Perfection, most of the time, means not doing anything. Which is why I'm working really hard on not wasting any more of my time on it. In my personal life, anyway: the irony is that in my computer-oriented-role at work I say, all the time, "Perfect is the enemy of good," and mean it. I can forgive software its limitations, but not myself mine. Maybe try to think of myself as charmingly buggy? Requiring workarounds? We'll see. 

What I've read since last posting:

American Rose: A Nation Laid Bare: The Life and Times of Gypsy Rose Lee, by Karen Abbott. Abbott's such a good writer, but I didn't like this nearly as much as Sin in the Second City. She made the choice in this to jump back and forth chronologically rather than do a straightforward timeline of Gypsy's life, and that choice didn't work for me. It was harder to feel connected to the story, I thought. Looking forward to her Civil War book. 
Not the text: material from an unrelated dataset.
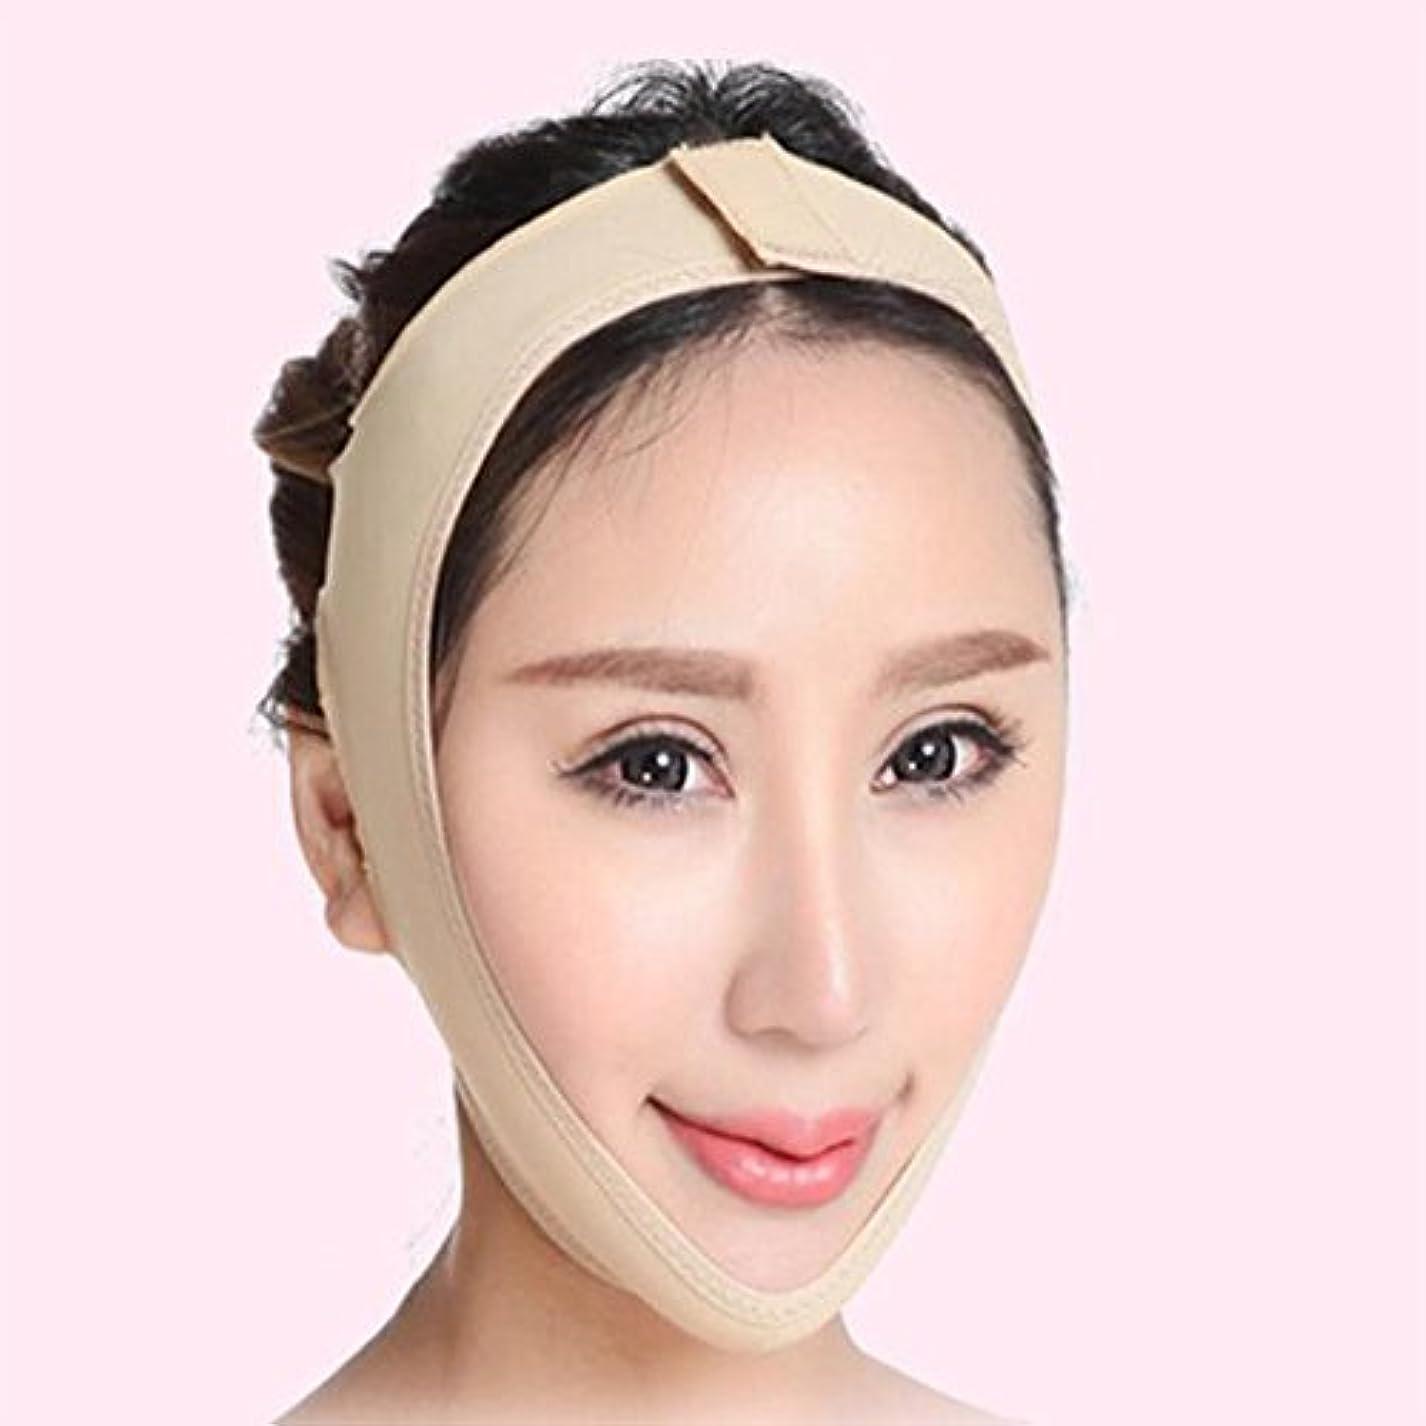 六分儀スケッチ深遠SD 小顔 小顔マスク リフトアップ マスク フェイスライン 矯正 あご シャープ メンズ レディース Lサイズ AZD15003-L

Grave Peril, by Jim Butcher. I wasn't in the right mood for this. There was nothing wrong with it, but I have to be in a specific mood for fantasy, otherwise I just get bored. So I found this a bit tedious.

Once Upon a Winter's Eve, by Tessa Dare. Forgettable romance novella, notable only for the fact that apparently breaking a dude's nose is all it takes to render him unrecognizable to a woman who's, by her own admission, been in love with him her whole life. I've only been in love with my strapping hero for a couple years, but I'm pretty sure that if you covered him in dirt and broke his nose I'd still be like, "Oh geez, Berowne, we totally could have come up with a better excuse to leave this party early than you stumbling through the door covered in seaweed and passing out on my shoes*, and WTF happened to your nose," instead of thinking, Why does this mysterious stranger with his dreamy lips act like he knows me? When a plot strains even romance-novel credulity, it's not good. 
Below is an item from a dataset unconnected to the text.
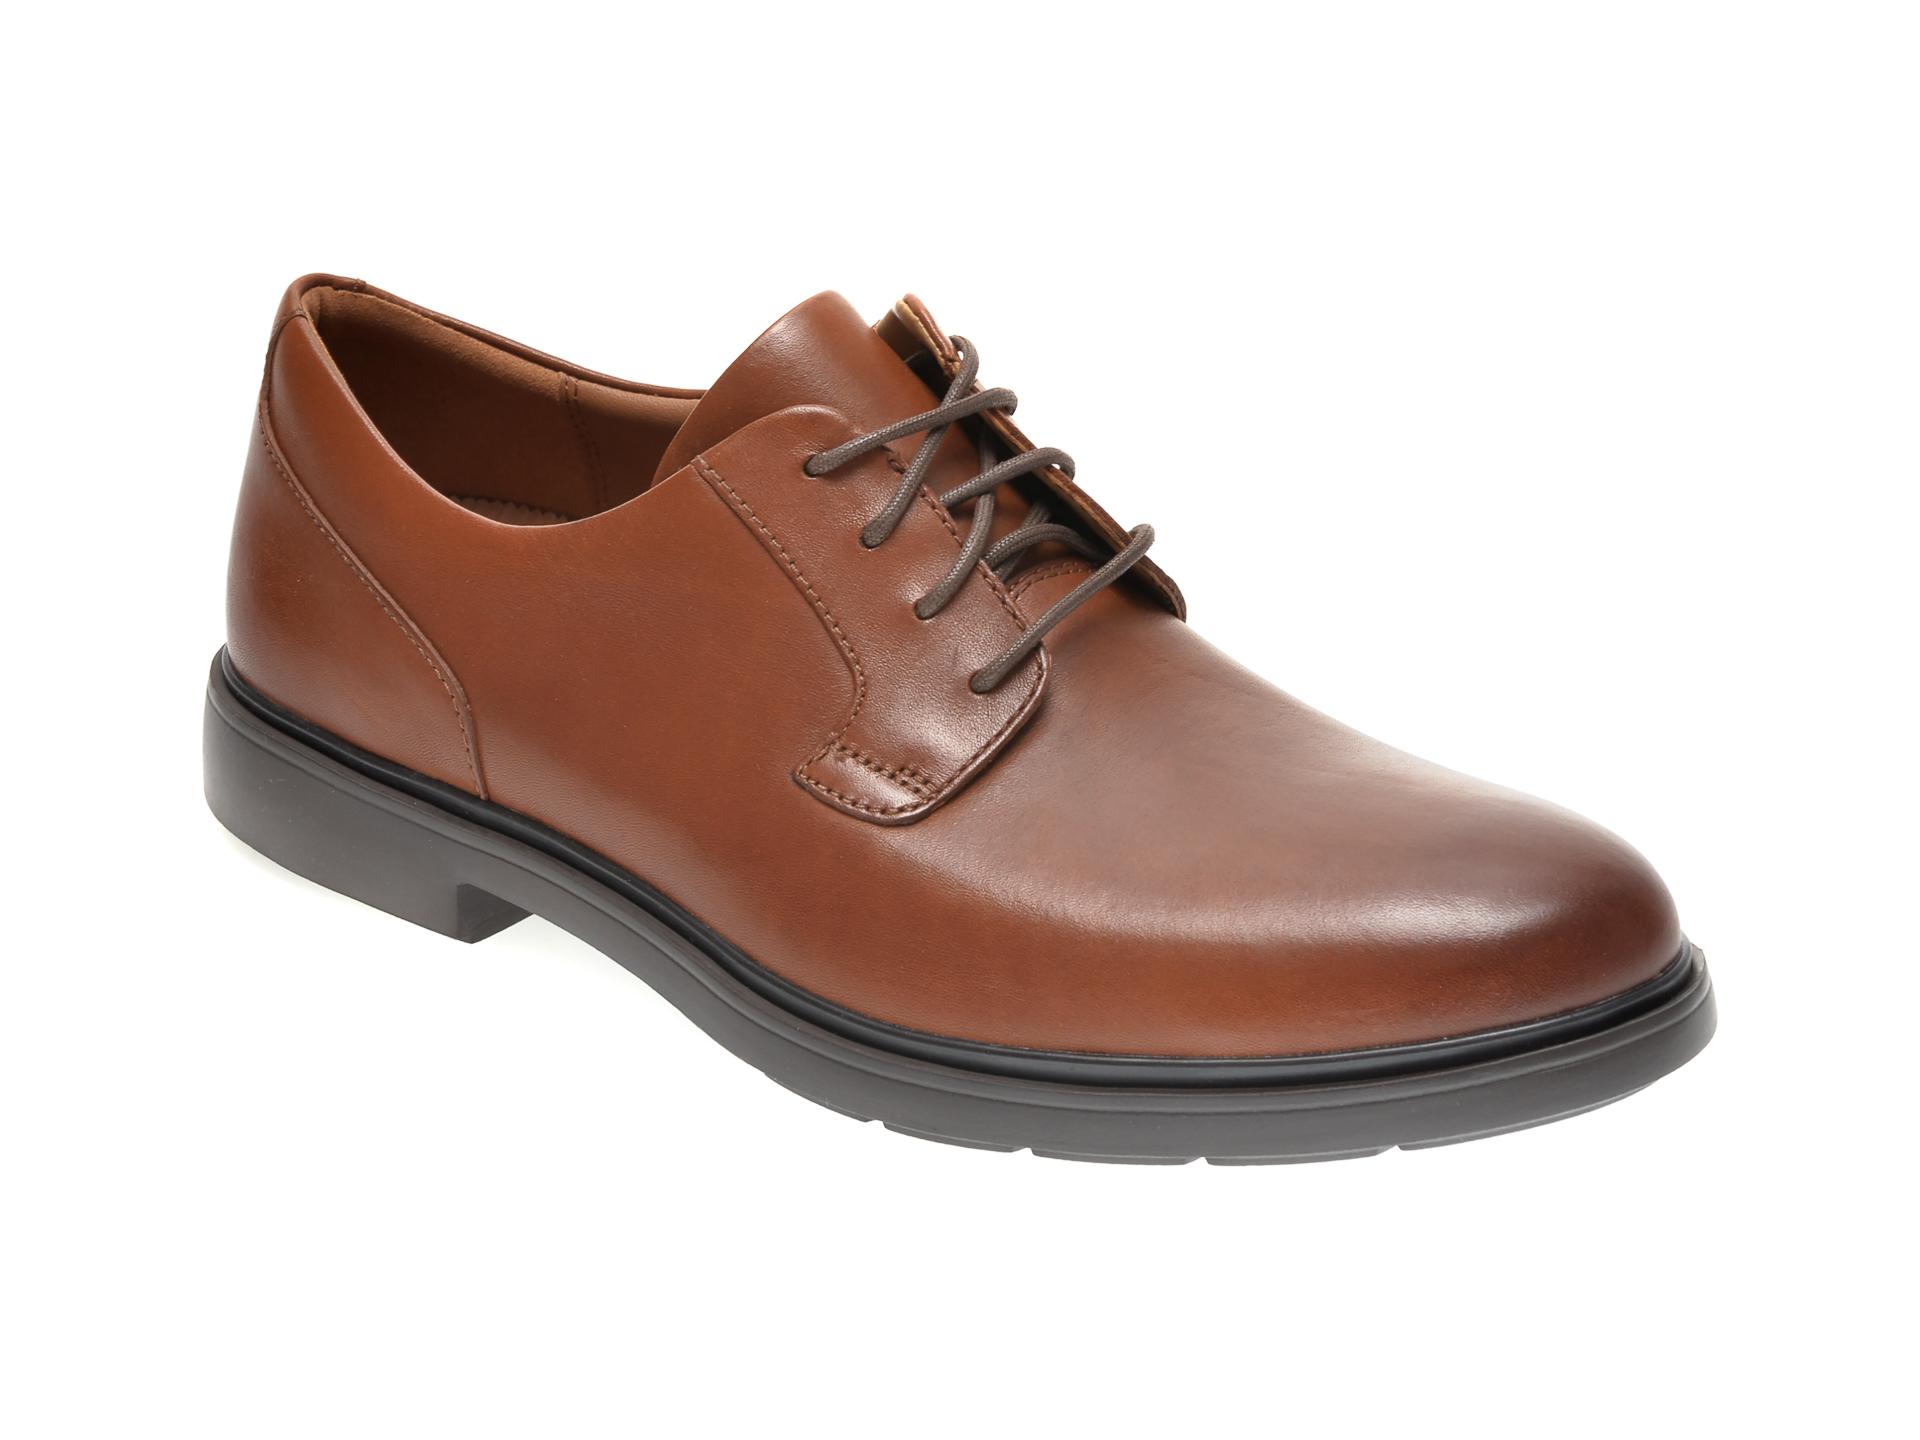 Pantofi CLARKS maro, UN TAILOR TIE, din piele naturala imagine

The Outcast Dead, by Elly Griffiths. The latest in Griffiths' shamelessly enjoyable "archaeologist fights crime" series. Although this one was about baby kidnapping AAAIIIIEEE. 

The Psychopath Test: A Journey Through the Madness Industry, by Jon Ronson. A fairly disjointed piece of reportage on the psychopath diagnosis and some of the history of mental health treatment in America. Ronson's a good writer, but this felt like a bunch of New Yorker articles that he tried to jam together into a coherent narrative. Which it may have been. 

Arms of Nemesis, by Steven Saylor. I always give ancient-Rome mysteries a try whenever I run across them, now that Lindsey Davis is just hitting copy-and-paste between Wikipedia sites and her manuscripts, but this was terribly dull and the dialogue-infodumping was agonizing. Won't be checking out any more of the series.  

May you all be free of perfectionism as much as possible. (Next time: will Beatrice become a self-flagellating perfectionist about not being a perfectionist? Almost certainly!) 

*Actually, I'd be very surprised if Berowne's social group hasn't experienced a party at which someone stumbled through the door covered in seaweed and passed out on someone's shoes (and someone else promptly said, "Now it's a party!").